Nightshade is more aggressive. It transforms images into “poison” samples such that AI models trained on them without consent exhibit unpredictable behavior—for example, a prompt for “a cow floating in space” might generate a handbag image instead. It has been downloaded over 1.6 million times.

However, 2025 research revealed vulnerabilities. LightShed, a data cleaning system developed by researchers from the UK, Germany, and the US, detected Nightshade-protected images with 99.98% accuracy and effectively removed the embedded perturbations. This undermines the core value proposition of Glaze and Nightshade, demonstrating that data protection tools, like watermarks, are not immune to the arms race.

The Fundamental Tradeoffs

The tensions surrounding AI watermarks are not merely technical.
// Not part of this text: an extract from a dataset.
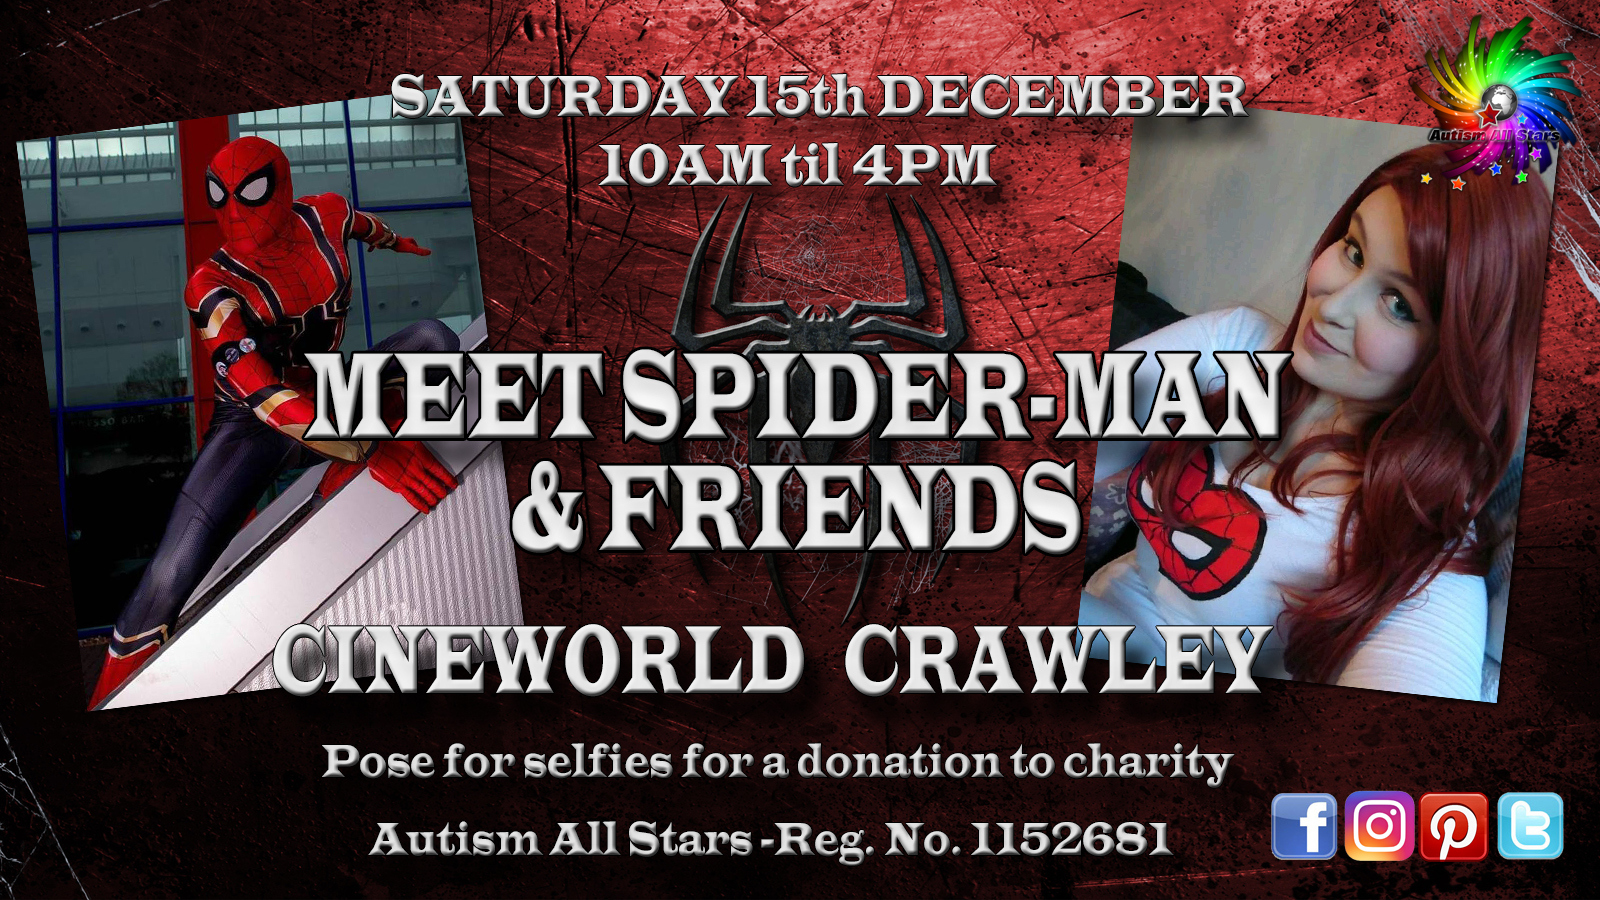 Aspergers, autism, Autism All Stars, autism awareness, characters, charity, cinema, Cineworld, cosplay, diversity, events, sussex, crawley, west sussex, Spider-Man

Multiple dimensions of tradeoffs exist simultaneously.

Detectability vs. Output Quality

Stronger watermark signals make detection easier but degrade content quality. In the Kirchenbauer method, increasing δ strengthens the green-token bias for easier detection but makes text less natural. For image watermarks, embedding more bits increases detection confidence but introduces visual artifacts. Some research suggests watermark insertion can reduce model response quality by 10-20%.

Robustness vs. Computational Cost

Watermarks that withstand more transformations and attacks require more computational resources for embedding and detection. Tree-Ring watermark detection requires DDIM inversion—a computationally expensive operation. Performing high-cost watermarking while handling hundreds of millions of requests in real-time services creates significant infrastructure overhead.

Security vs. Transparency

Publishing watermark algorithms enables academic verification and improvement but also provides information to attackers. SynthID Text’s open-sourcing benefited the research community, but ETH Zurich’s SRI Lab used the published code to systematically probe the watermark’s vulnerabilities (arXiv: 2603.03410). Conversely, closed-source watermarks prevent independent verification, making trust-building difficult.
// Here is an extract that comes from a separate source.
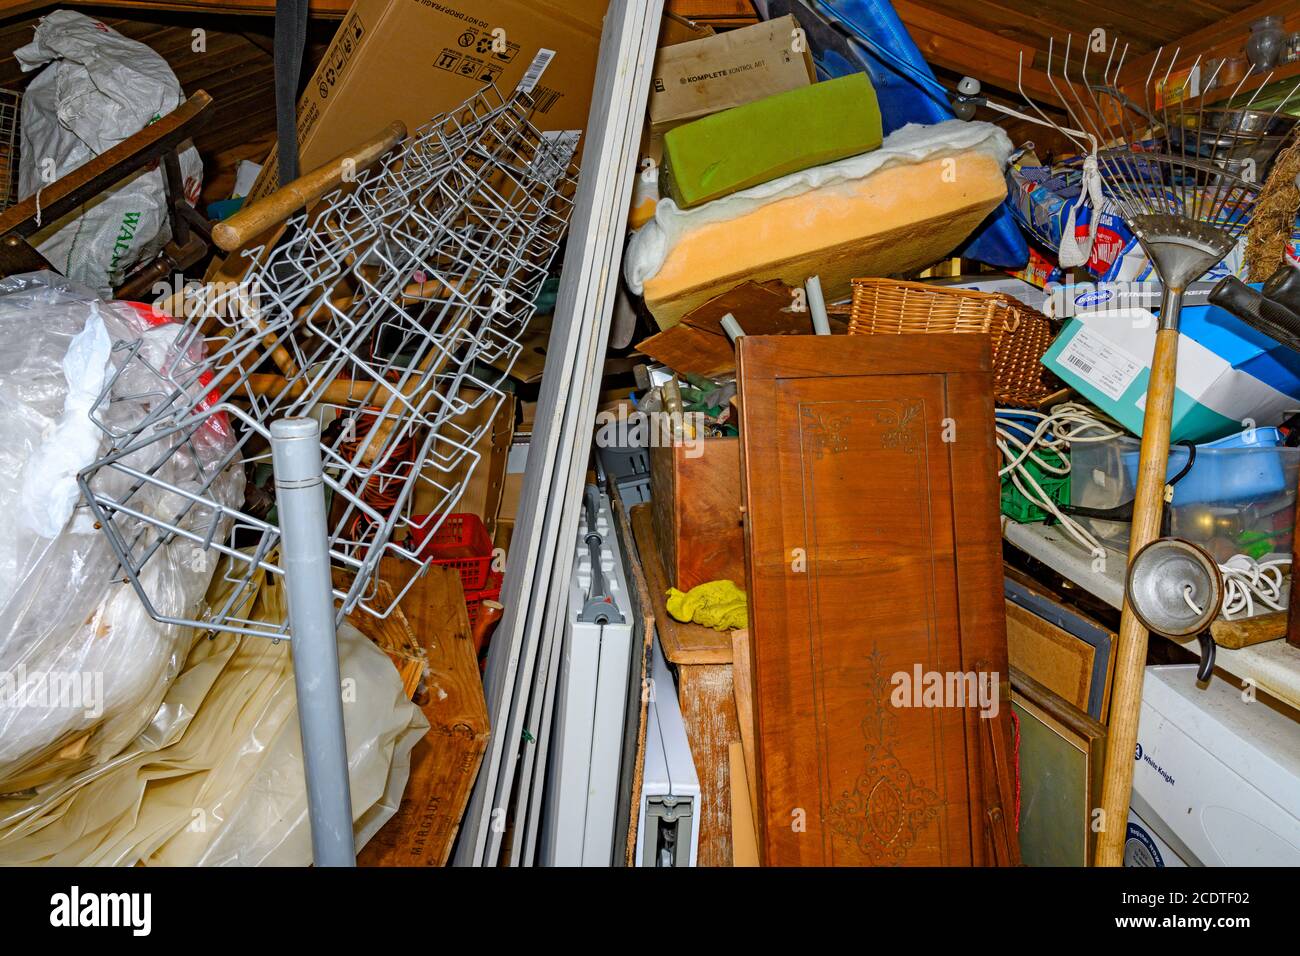 Garden shed full of household items Stock Photo

Private Interest vs. Public Good

OpenAI’s dilemma illustrates this perfectly. Deploying text watermarks would serve the public interest of combating misinformation but could cause business losses through user attrition. Regulation could resolve this dilemma, but questions about the technical effectiveness of mandated approaches remain.

What This Means

For Creators

The advancement of AI watermarks and C2PA carries dual significance. Tools for proving the provenance of original content are strengthening, but the battlefield for authenticating AI-generated content is growing more complex. For artists, protection tools like Glaze/Nightshade exist, but as the LightShed research demonstrates, their longevity is uncertain.

For Consumers

No technology yet provides a 100% definitive answer to “is this content real?” The absence of a watermark does not mean content is not AI-generated (watermarks can be removed). The presence of a watermark does not definitively mean content is AI-generated (false positives are possible). The absence of C2PA metadata also says nothing about content authenticity (it can be lost through screenshots). Media literacy remains essential regardless of technological progress.

For the Ecosystem

Watermarks are not a standalone solution but one component of a multi-layered defense strategy. A realistic approach combines:

  1. Embedded watermarks: Signals directly inserted into content (SynthID, Tree-Ring, etc.)
  2. Metadata-based provenance tracking: Cryptographically verifiable history (C2PA)
  3. Post-hoc classifiers: Independent models that determine whether content is AI-generated
  4. Platform policies: Automated detection and labeling at upload time
  5. Regulatory frameworks: Mandatory transparency and accountability requirements

No single technology is complete. But in combination, they create an effective deterrent for the unmotivated majority and a cost-raising barrier for the motivated few. Content authentication in the deepfake era is simultaneously a technical problem and a social one, and watermarks are a critical piece of that complex puzzle.